2. The Bank hereby accepts appointment and agrees to perform the duties
hereinafter set forth.
3. Subject to the provisions of paragraphs 4 and 5 below, the Bank
shall compute the net asset value per share of each Series of shares listed on
Schedule I hereto (the "Series") of the Fund and shall value the securities held
by the Fund (the "Securities") at such times and dates and in the manner
specified in the then currently effective Prospectus of the Fund.
4. To the extent valuation of Securities or computation of a Series'
net asset value as specified in the Fund's then currently effective Prospectus
is at any time inconsistent with any applicable laws or regulations, the Fund
shall immediately so notify the Bank in writing and thereafter shall either
furnish the Bank at all appropriate times with the values of such Securities and
each Series' net asset value, or subject to the prior approval of the Bank,
instruct the Bank in writing to value Securities and compute each
Series' net asset value in a manner which the Fund then represents in writing to
be consistent with all applicable laws and regulations.

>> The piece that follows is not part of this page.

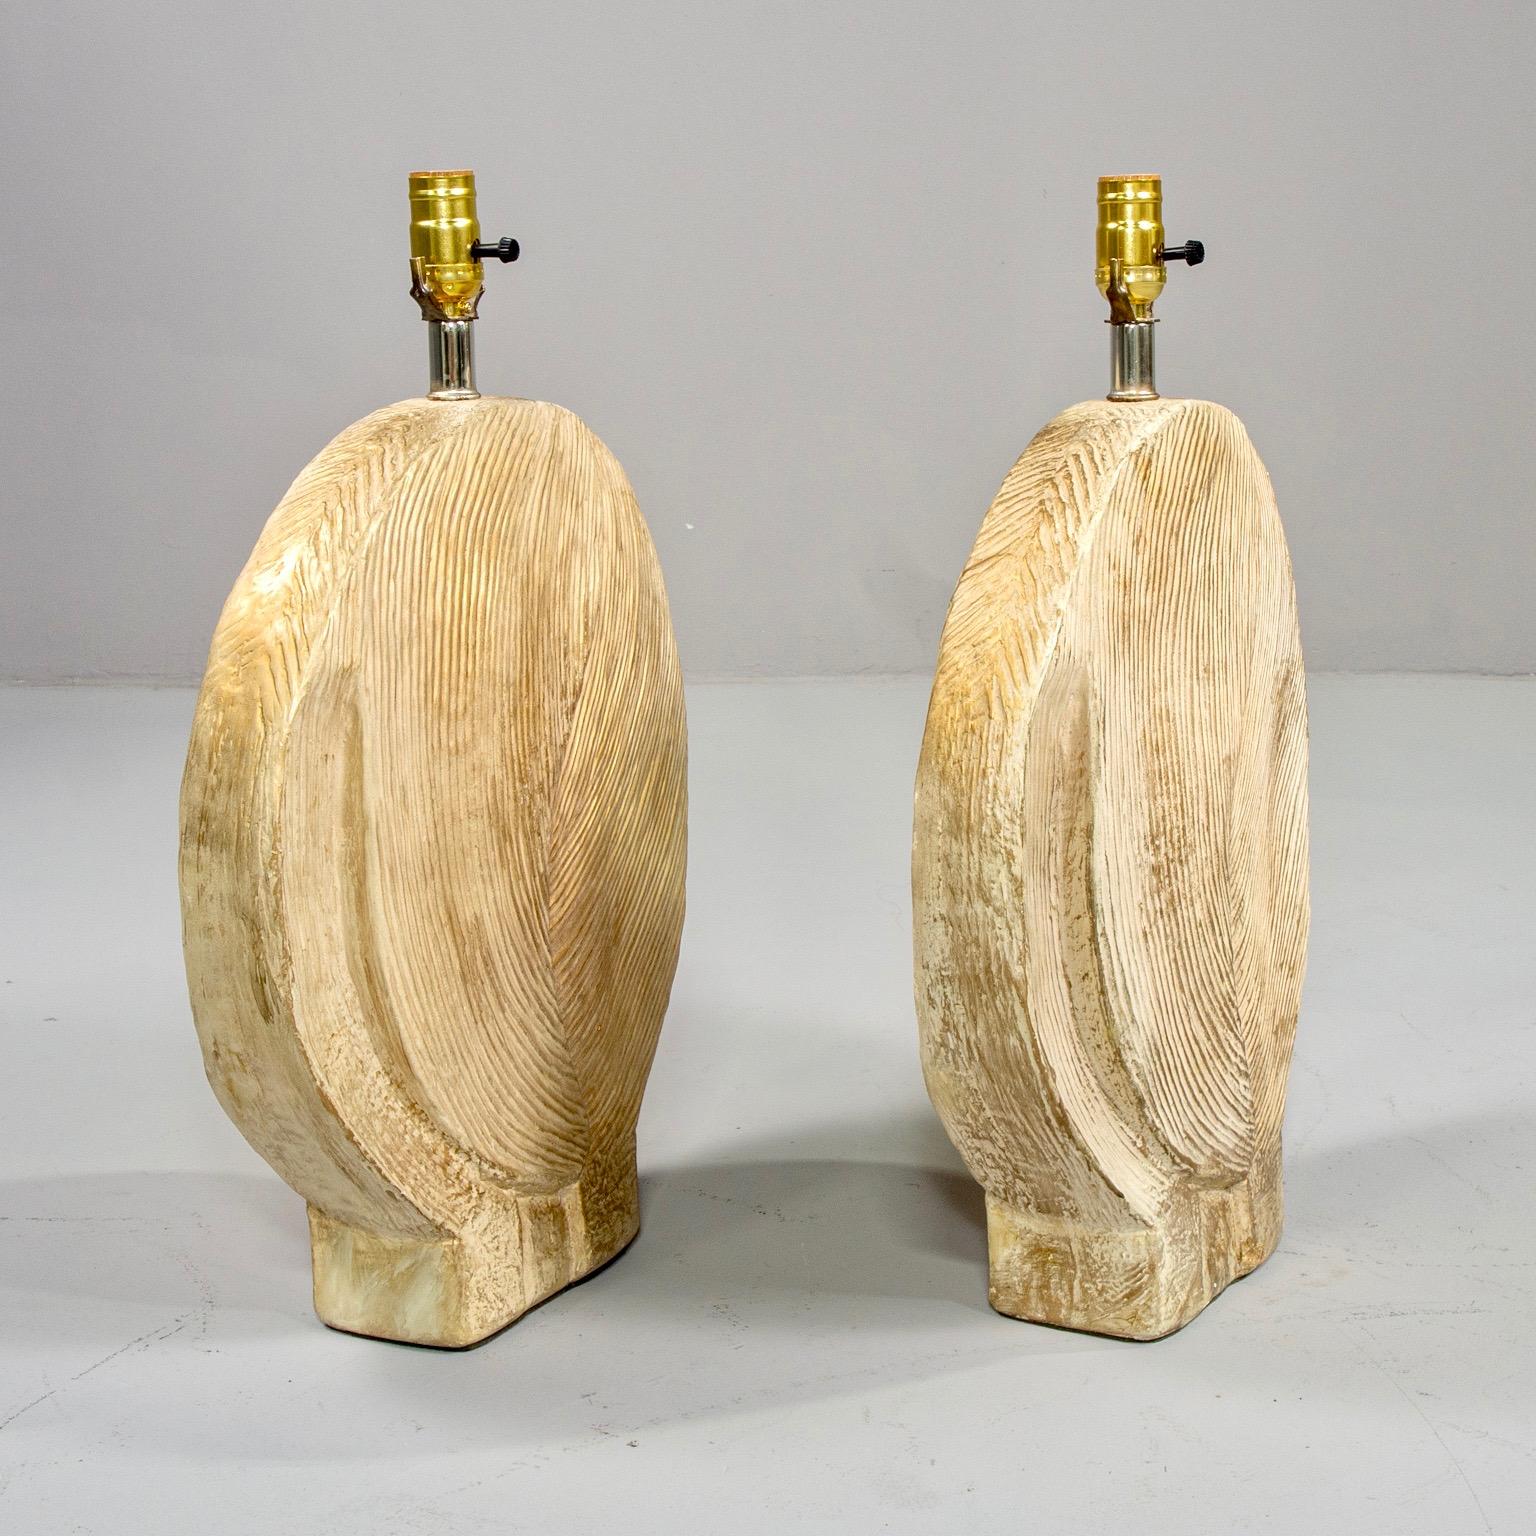 Italian Pair of Clam Shell Form Lamps with Gilded Glaze

The Fund may also from
time to time, subject to the prior approval of the Bank, instruct the Bank in
writing to compute the value of the Securities or a Series' net asset value in a
manner other than as specified in paragraph 3 of this Agreement. By giving such
instruction, the Fund shall be deemed to have represented that such instruction
is consistent with all applicable laws and regulations and the then currently
effective Prospectus of the Fund. The Fund shall have sole responsibility for
determining the method of valuation of Securities and the method of computing
each Series' net asset value.
5. The Fund shall furnish the Bank with any and all instructions,
explanations, information, specifications and documentation deemed necessary by
the Bank in the performance of its duties hereunder, including, without
limitation, the amounts or written formula for calculating the amounts and times
of accrual of Fund liabilities and expenses. The Bank shall not be required to
include as Fund liabilities and expenses, nor as a reduction of net asset value,
any accrual for any federal, state, or foreign income taxes unless the Fund
shall have specified to the Bank the precise amount of the same to be included
in liabilities and expenses or used to reduce net asset value. The Fund shall
also furnish the Bank with bid, offer, or market values of Securities if the
Bank notifies the Fund that same are not available to the Bank from a security
pricing or similar service utilized, or subscribed to, by the Bank which the
Bank in its judgment deems reliable at the time such information is required for
calculations hereunder. At any time and from time to time, the Fund also may
furnish the Bank with bid, offer, or market values of Securities and instruct
the Bank to use such information in its calculations hereunder. The Bank shall
at no time be required or obligated to commence or maintain any utilization of,
or subscriptions to, any securities pricing or similar service.
6. The Bank shall advise the Fund, the Fund's custodian and the Fund's
transfer agent of the net asset value of each Series upon completion of the
computations required to be made by the Bank pursuant to this Agreement.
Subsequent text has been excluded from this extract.